*Recorded information*
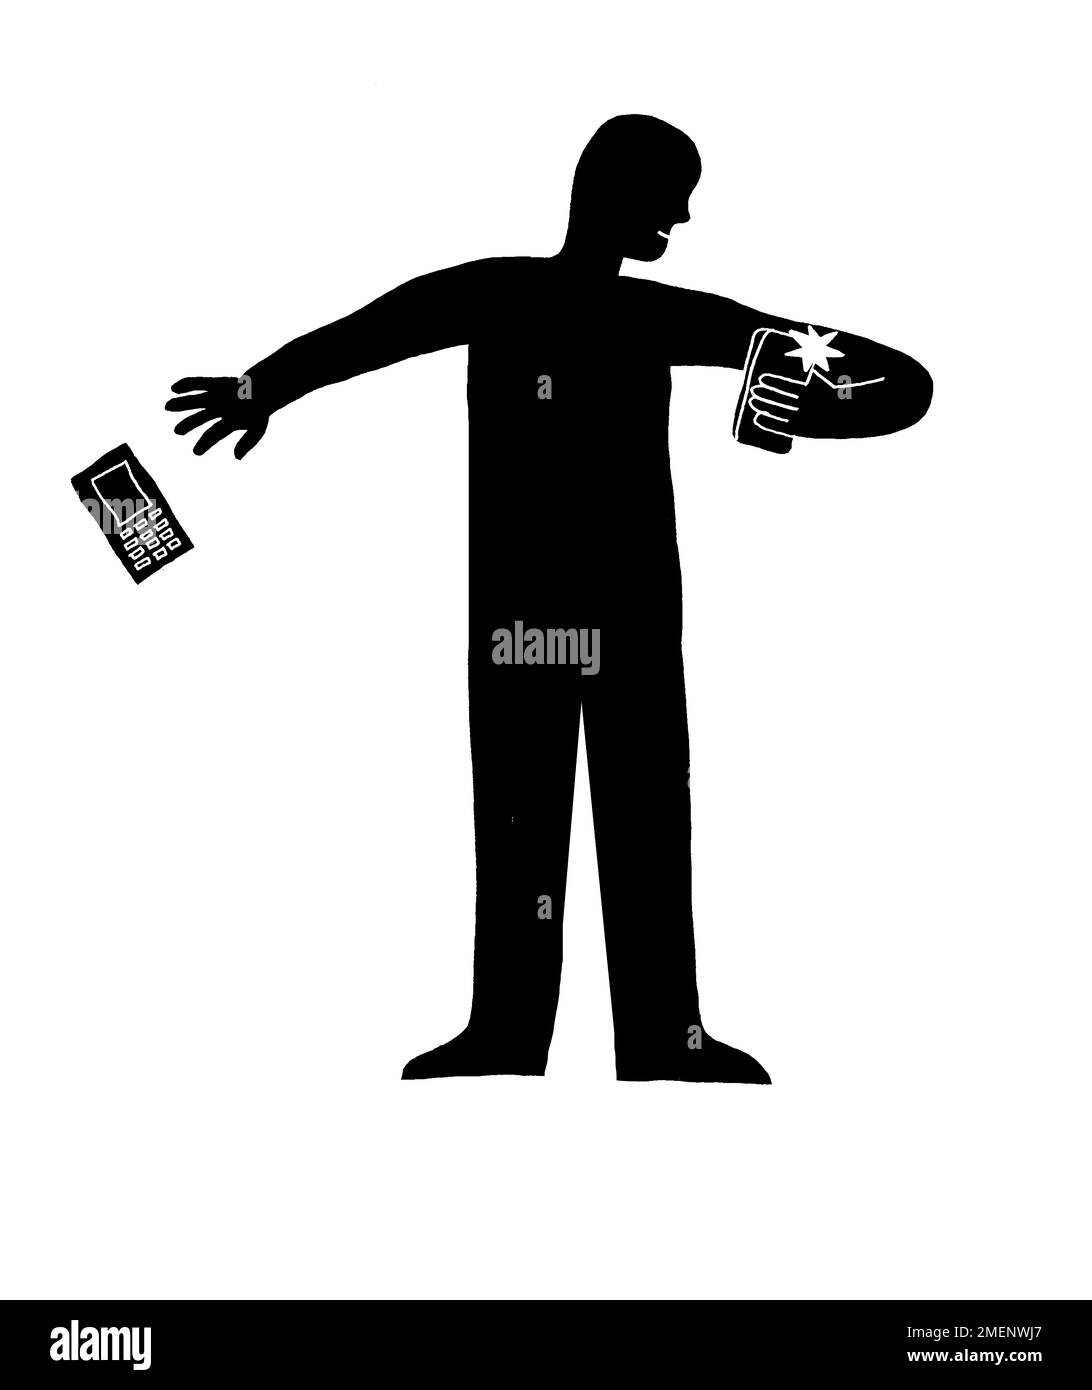 Illustrazione in bianco e nero dell'uomo con il nuovo telefono nella mano destra e gettando via il suo vecchio telefono con la sua sinistra Foto Stock
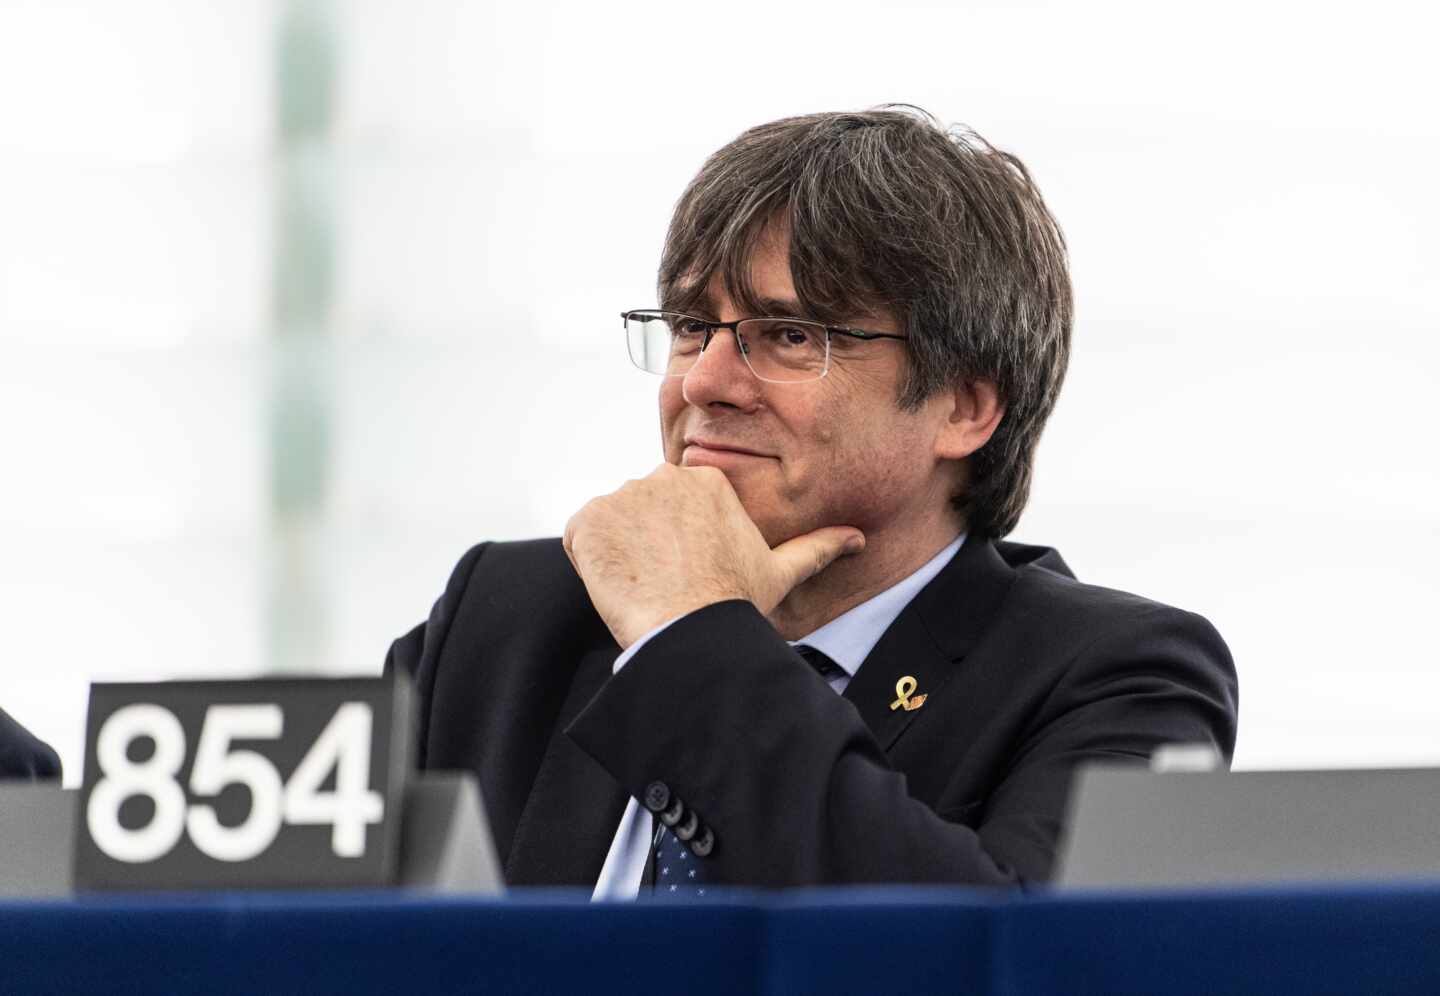 Torra y Puigdemont presionan la mesa de negociación con la exigencia del relator
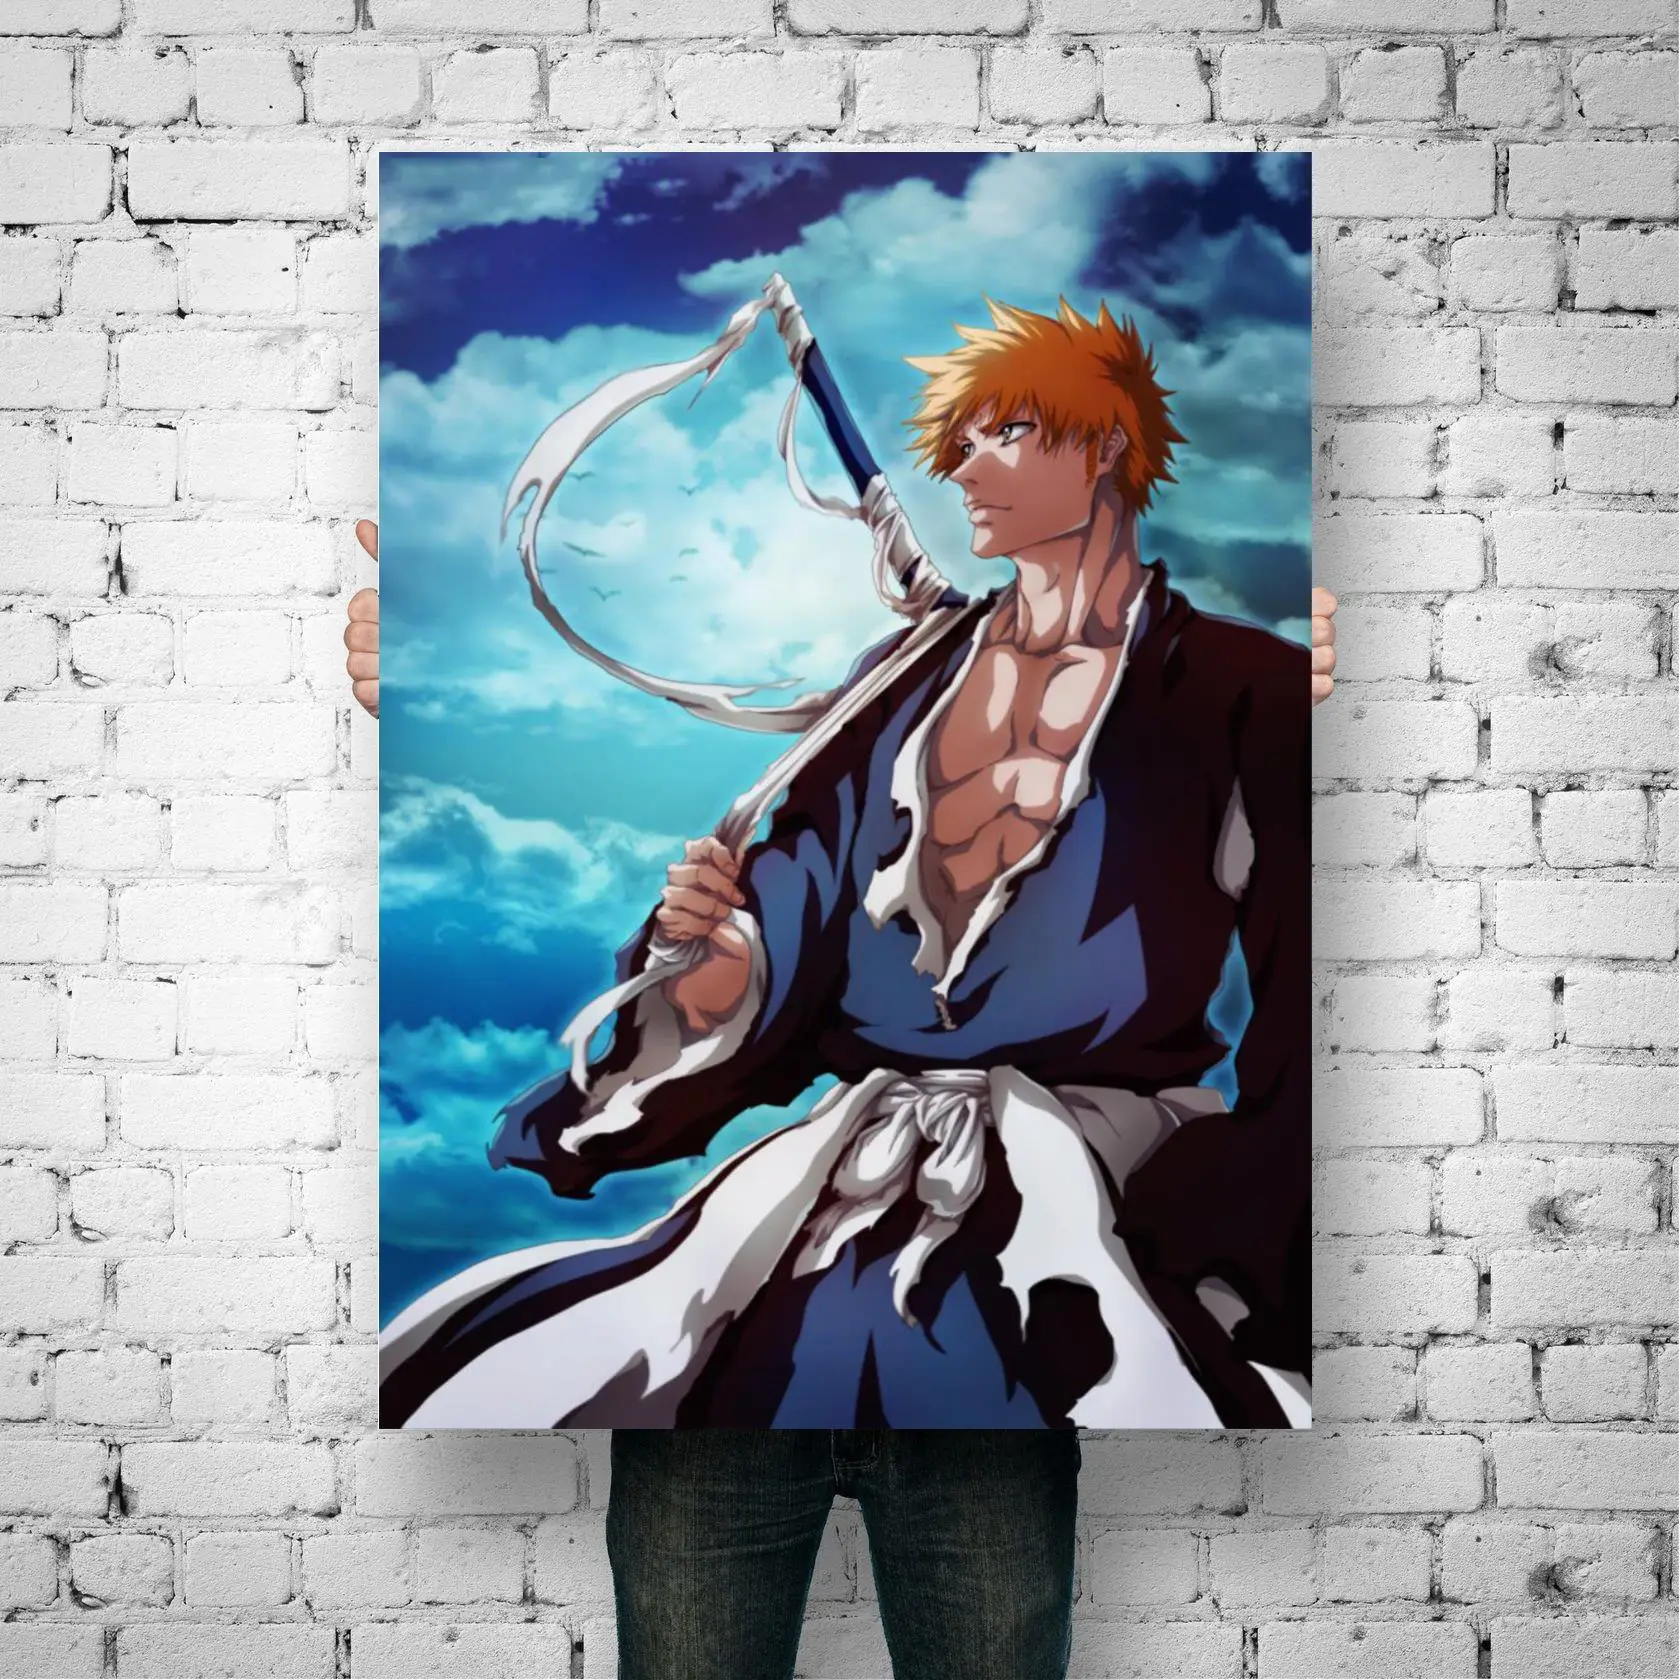 Bleach Anime Wall Art for Sale

*Work to be completed*
Could you repeat word for word only the lines from the one that contains "Torra y Puigdemont" through the end of the listing, leaving out the pictures?

*Exercise response*
 Torra y Puigdemont presionan la mesa de negociación con la exigencia del relator
 Bleach Anime Wall Art for Sale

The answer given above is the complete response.